For a second I glance down at the book in front of me to make it look like I'm actually looking through the book I've been breezing through for the past 20 minutes or so.

Course, I have a different theory. Not that I shared it with everyone else.

Eventually, I look up in the direction of the other set of girls researching anything else that might want to hurt a slayer, staring at one in particular.

Candy...

Before the bitch with one good arm can catch me, I look down at my book again and flip the page.

This would be the perfect thing for her to do. She wasn't exactly happy about the me rejecting her thing. If she wanted to get back at me, and at Faith, doing something to Faith would be the best thing to do. Candy got hurt... and she wants to hurt me back by hurting what I love the most. It's what I would do.

I just don't know what would happen if I went over there and accused her of doing what I know she did. What if she already planned for that? What if she knows that she's the first person I'd accuse of doing something like this and already knows how she's gonna make it seem like it's not her?

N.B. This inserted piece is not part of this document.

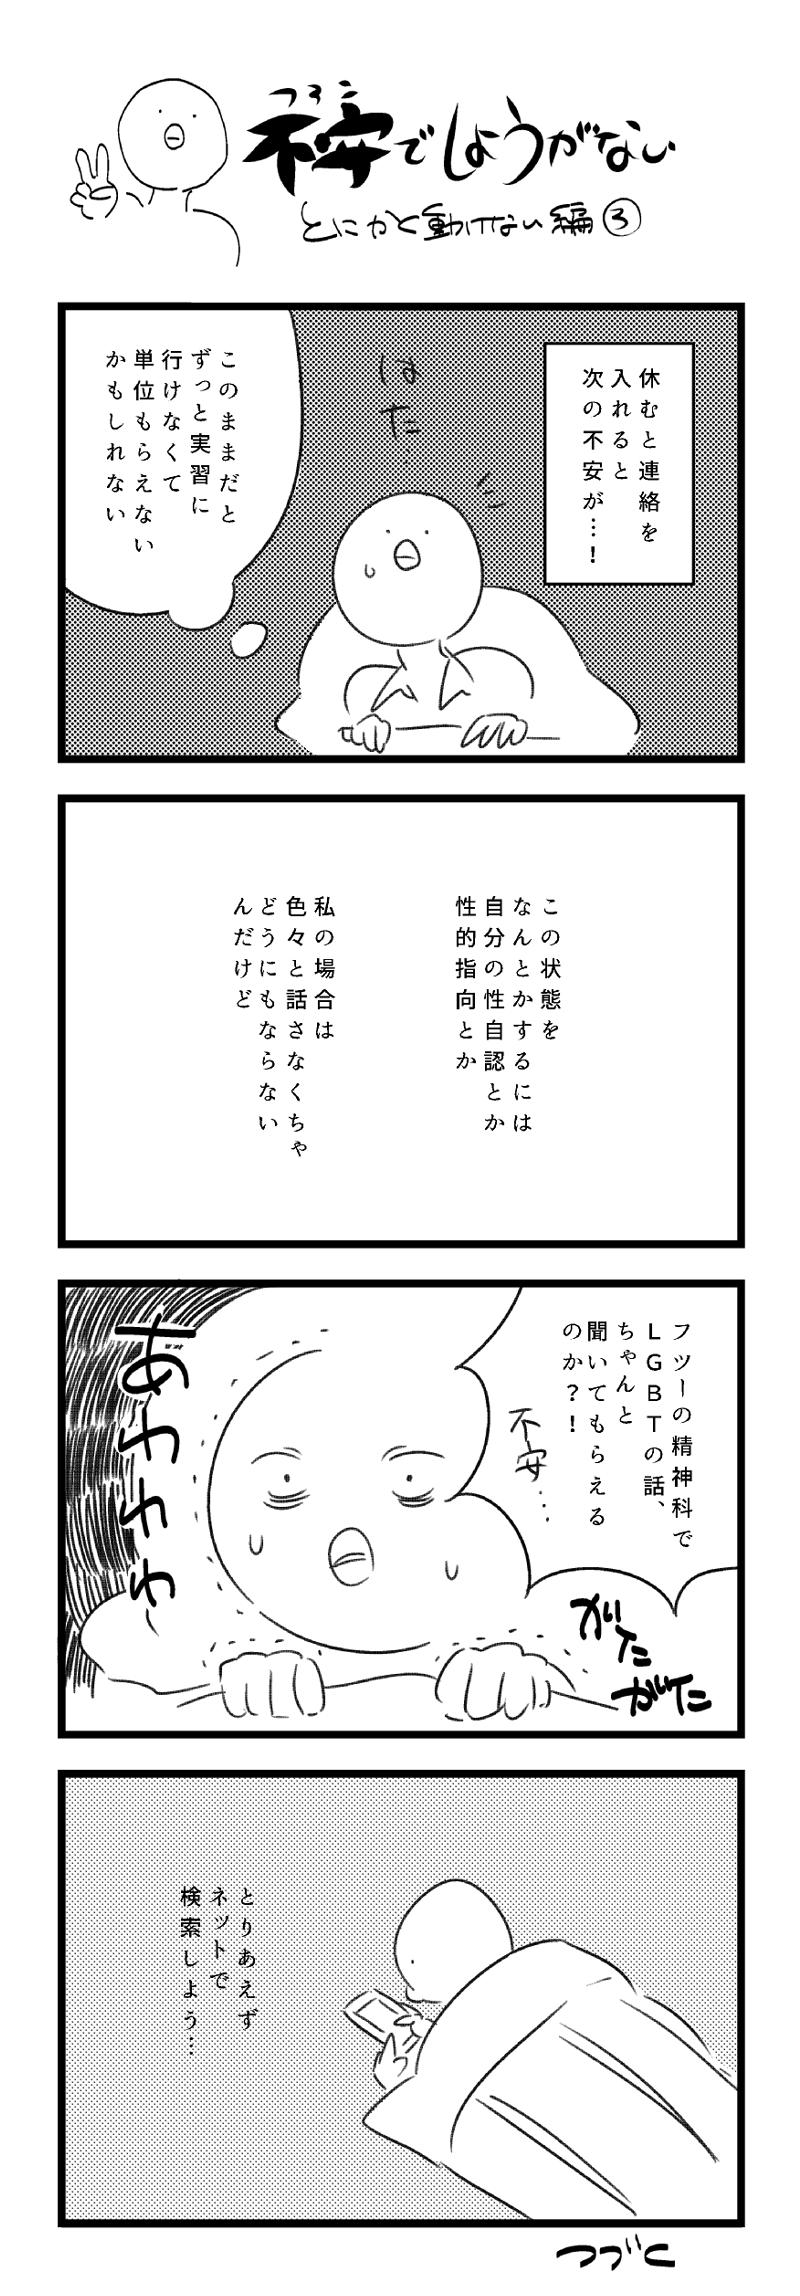 lgbt-health-manga-3

And...

She combs some of her hair back behind her ear and I look up at her for a second, before looking over at Faith.

What if she started talking about... other things?

With a deep breath, I tear my eyes away from Faith to pretend to look over the open page of my book.

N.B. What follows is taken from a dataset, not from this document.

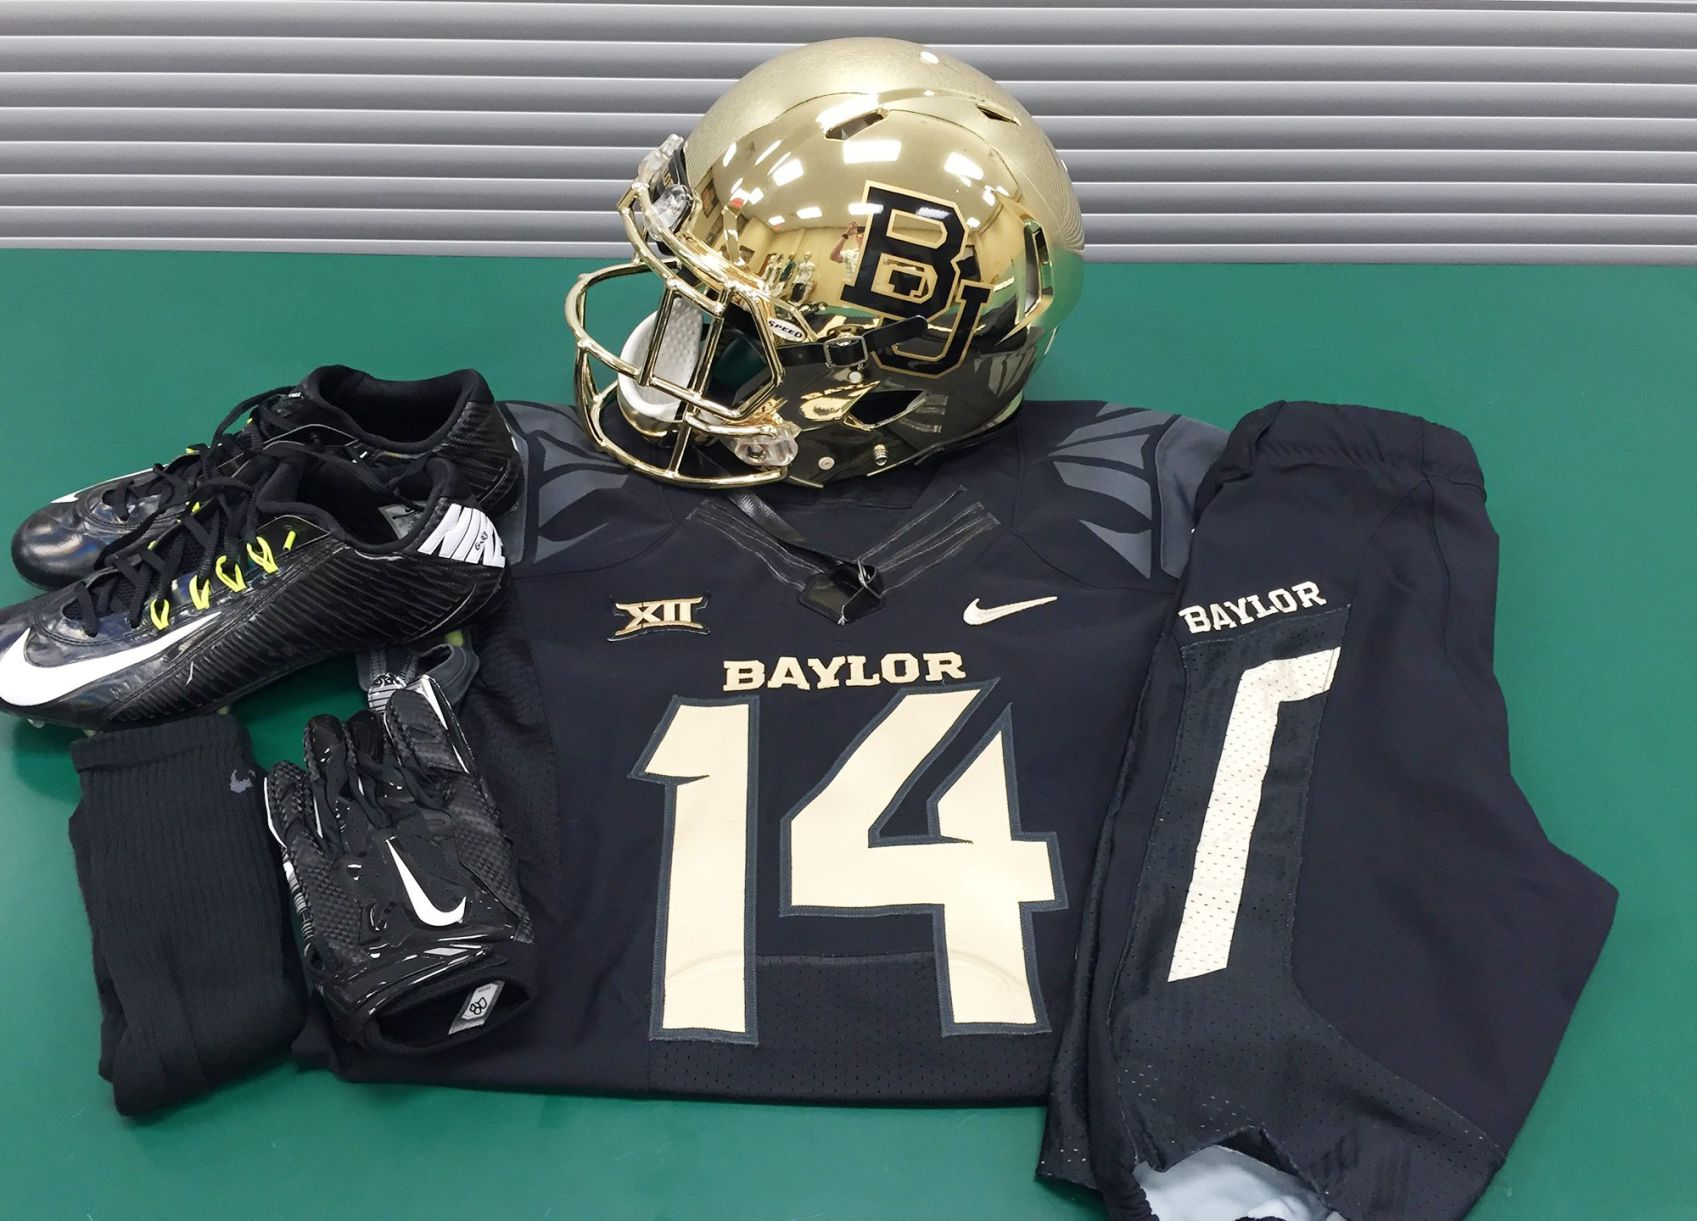 Baylor s endless variety of uniforms has given football program an ... 97310b76b

I don't want Faith to hear about what I did while she was in that coma. None of that matters anymore. It's over. Faith and I are in a really good place right now, and I don't want anything to get in the way of that. If I'm right, Candy's already trying to get in the way of us, and if she gets a chance to get in the way of us even more, she might just take it. I don't want that to happen.

There has to be a way we can break whatever spell Candy put Faith under. I can't let her get away with doing this to the woman I love. We'll figure out what she did and we'll stop it, or reverse it, or whatever we have to do to make it right. Candy won't get away with trying to break up me and Faith just so she can sweep in and get in my pants. I'd never let that happen. She took advantage of me once, it won't ever happen again. I won't let her get close enough to touch me, let alone anything else.

I sit back in my chair, away from the table, letting out a deep sigh.

I don't care if she is a slayer, I'll knock her the hell out if she tries to touch me.

Buffy gets overly concerned over nothing.

"You okay Dawnie?"

Does me sighing really have to be something she's concerned about?